Что касается "поставки" то  о поставке речи не идет. Речь идет о share а это может быть все, что угодно а не только поставка, например, технологии или идеи. Хотя вам виднее. Я  письма не видела.


----------



## estreets

dec-sev said:


> @sobakus: только из этих побуждений исключил "кастомизацию" в моем варианте. Target group -- русскоязычная фирма. В нагромождении родительных паджей разберутся, а вот с новомодным иностранным словом, не уверен. Хотя, в данном случае я сужу по себе -- я этого слова не слышал, и если бы получил подобное письмо, то попросил бы уточнить "что конкретно ты имела в виду"


А что тут непонятного?

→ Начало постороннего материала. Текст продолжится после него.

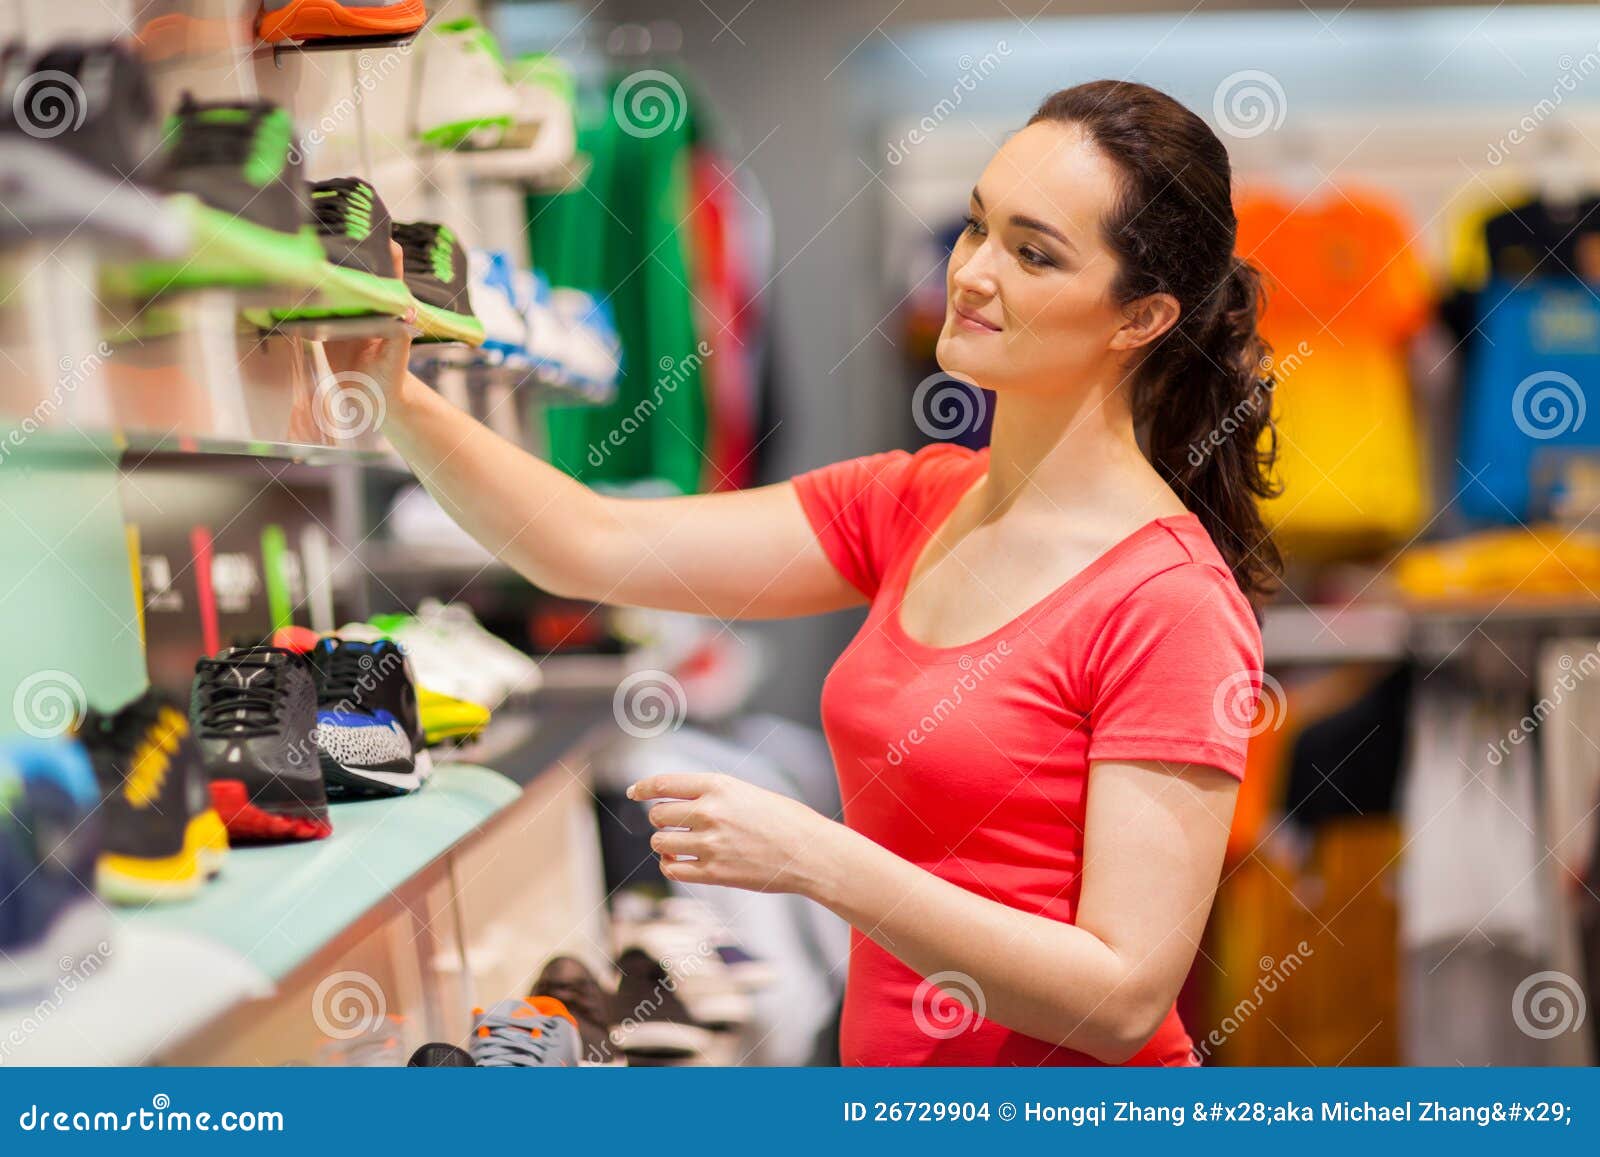 clipart shop assistant - photo #49
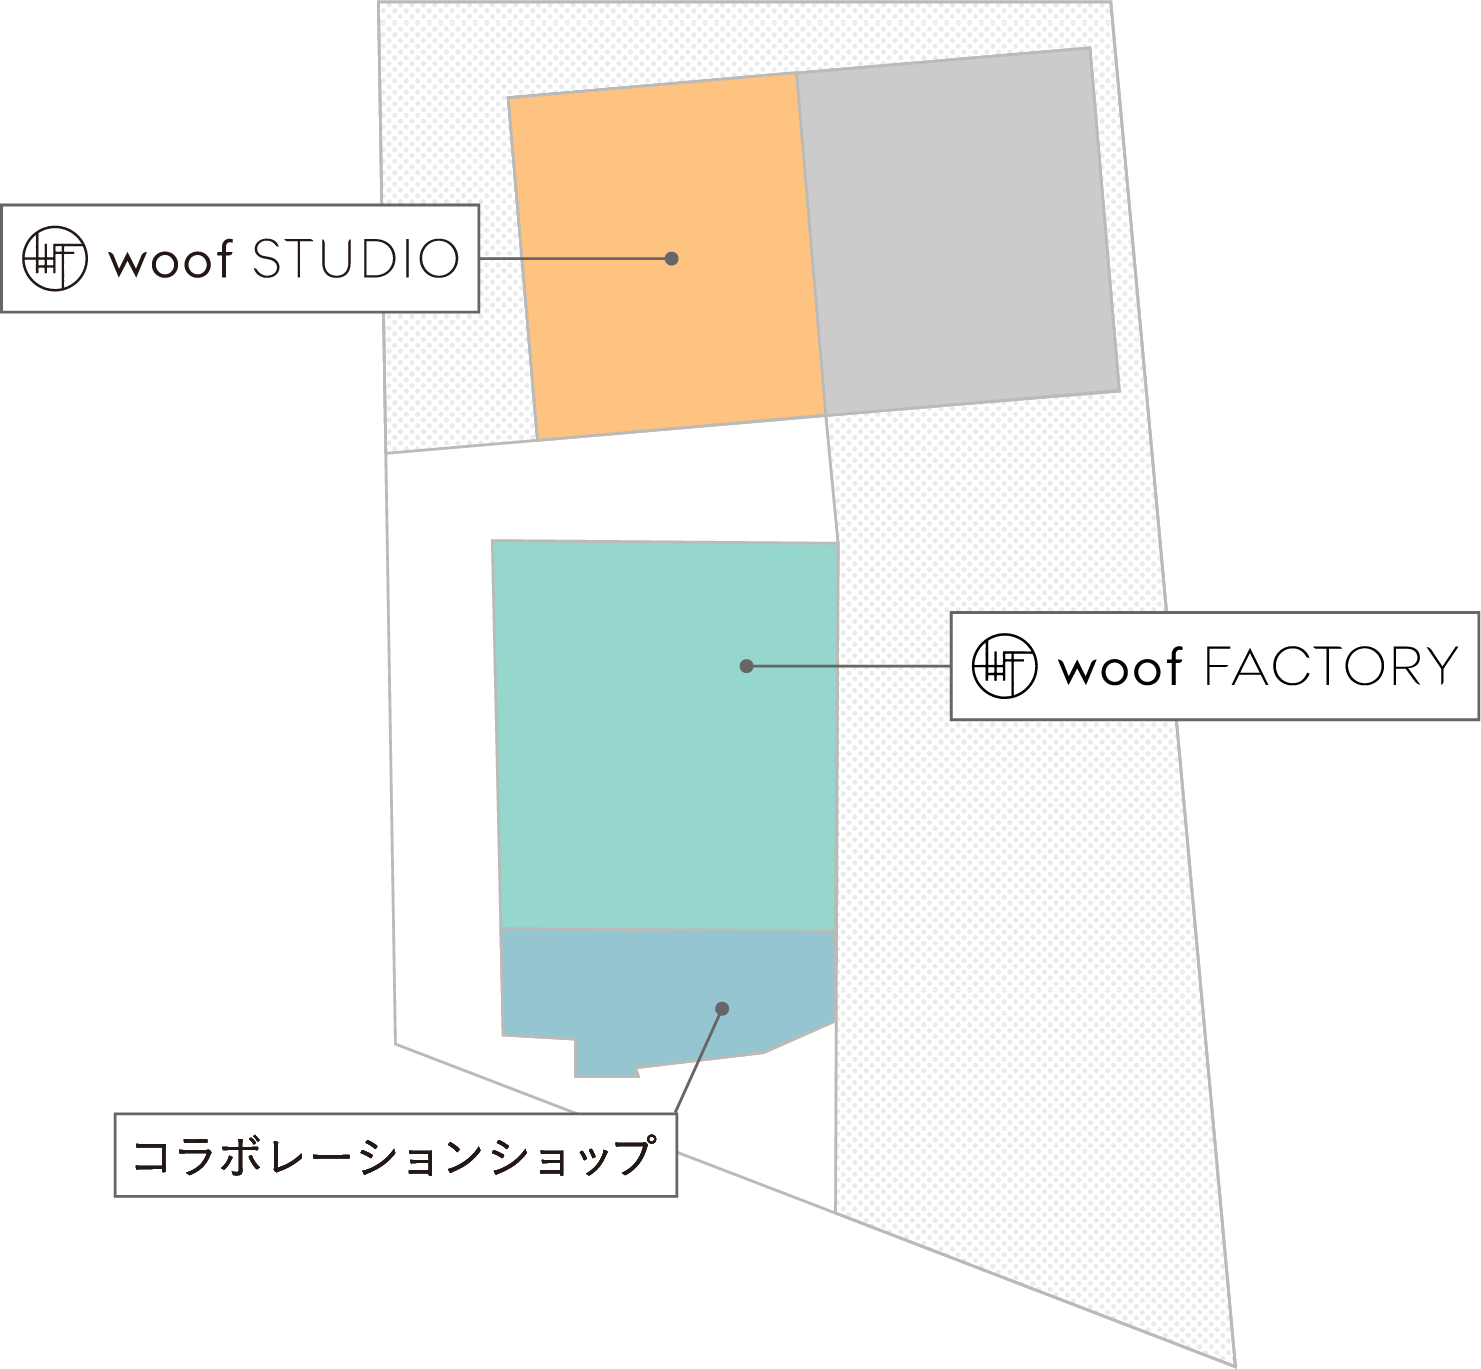 woof STUDIO MAP

Кастомизация - это включение в какую-то касту. 
В кастовой Индии процесс кастомизации приобрел поистине вселенские масштабы.


----------



## olgarb

Там вроде революционировализировали  кастомизацию после выгонизации англонизаторов


----------



## Sobakus

olgarb said:


> Там вроде революционировализировали  кастомизацию после выгонизации англонизаторов





olgarb said:


> продукцией, <..> опытом индивидуализации заказов клиентов, с такой престижной фирмой



Не мог удержаться  На мой взгляд, бизнес-сленгrolleyes русифицировать себе дороже.


----------



## morzh

Sobakus said:


> Не мог удержаться  На мой взгляд, бизнес-сленгrolleyes русифицировать себе дороже.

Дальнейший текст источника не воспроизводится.